EveryDollar tracks the balance of your fund from month to month. You can see in this picture that the balance of my Pet Care fund is $1067.26. When I add up all of the balances of my funds, it totals to the amount in my savings account.
Sinking Fund Tracker
I also like to keep a visual tracker of my sinking funds for quick reference. This allows me to keep track of the balance and stay motivated in saving for my goals!
The tracker is really flexible – you set your goal and the amount you are saving for. You can either divide the goal amount by 10 to spread it out over all ten boxes or you can record how much you are going to save per month in each box, and only use as many boxes as you need. I have both ways shown here in my tracker.
I don’t have a set monthly amount for a new barbeque – so every time I reach another hundred, I colour one in.
Wicked, on the other hand, I know that I will be buying those tickets in exactly ten months, and I’m able to put $40 a month aside for that, starting now.
However you choose to track, make it work for you!
You can grab our free sinking fund tracker here!
When do I move the money?
In EveryDollar, from the first month moving forward, the balance of the fund will update at the end of each month. If you make a purchase from the fund, like buying pet food, log it as usual.
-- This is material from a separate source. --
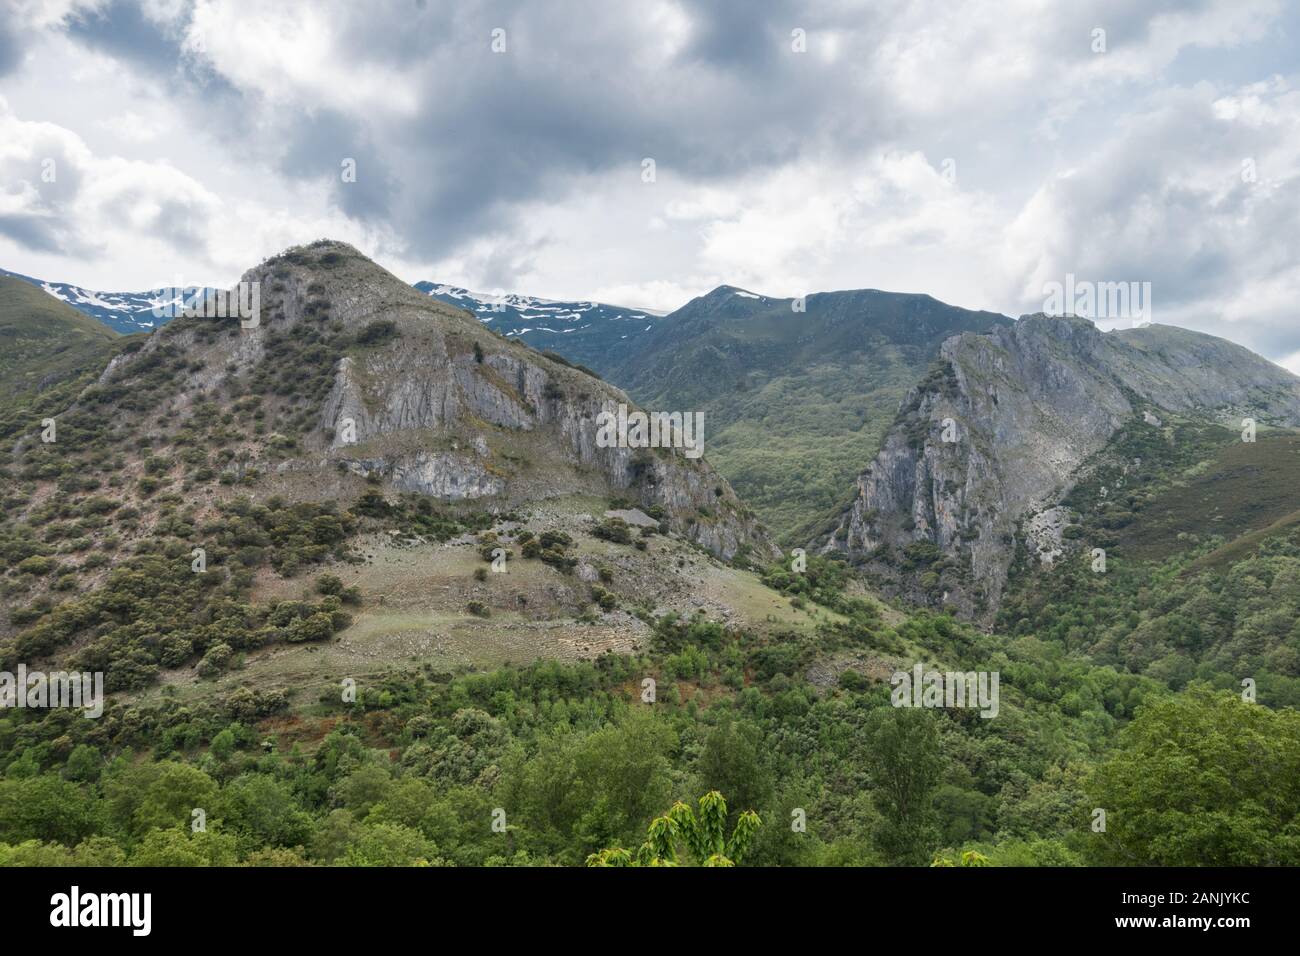 The charm of the mountains of Peñalba de Santiago Stock Photo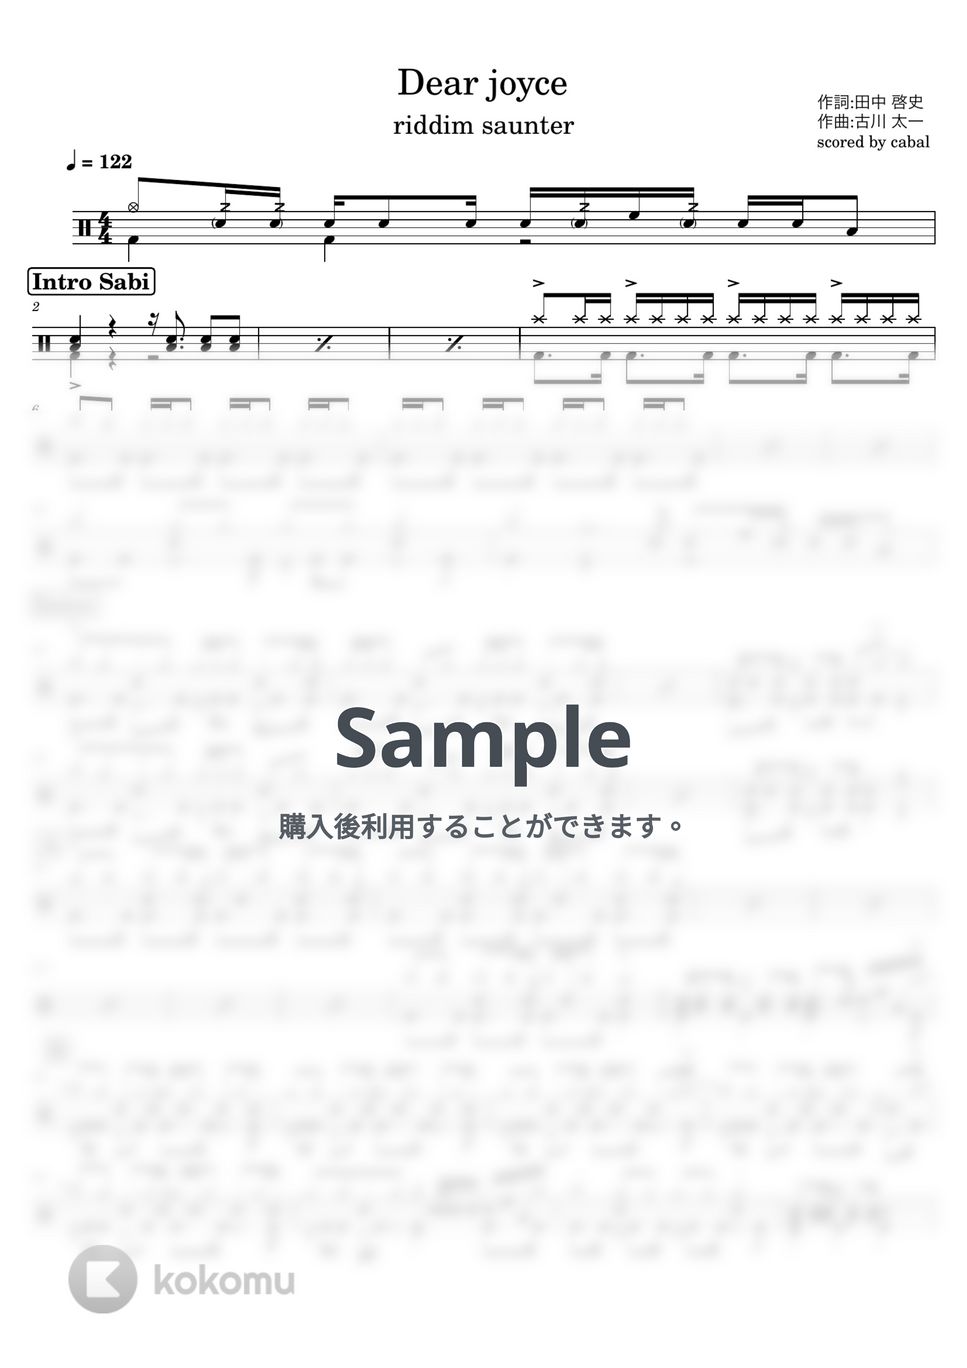 riddim saunter - Dear joyce (ドラム譜面) by cabal

EveryDollar (or your budget program of choice) will subtract that total from the balance. At the end of the month, transfer whatever money you have left from your planned amount to your separate fund account.
For pre-set amounts, like you are saving $130 per month for your annual insurance premiums, transfer it over to the savings account like you are paying a bill. When the month rolls around that you pay the insurance, track that payment – by then, you should have enough money in the fund to cover it!
While I might have a few thousand dollars tucked away, they are there for a purpose. I might want to grab that money and spend a week on a tropical beach, but that money has a job to do, and it’s not to fund pool-side margaritas! (Don’t worry, I have a fund for that, too!)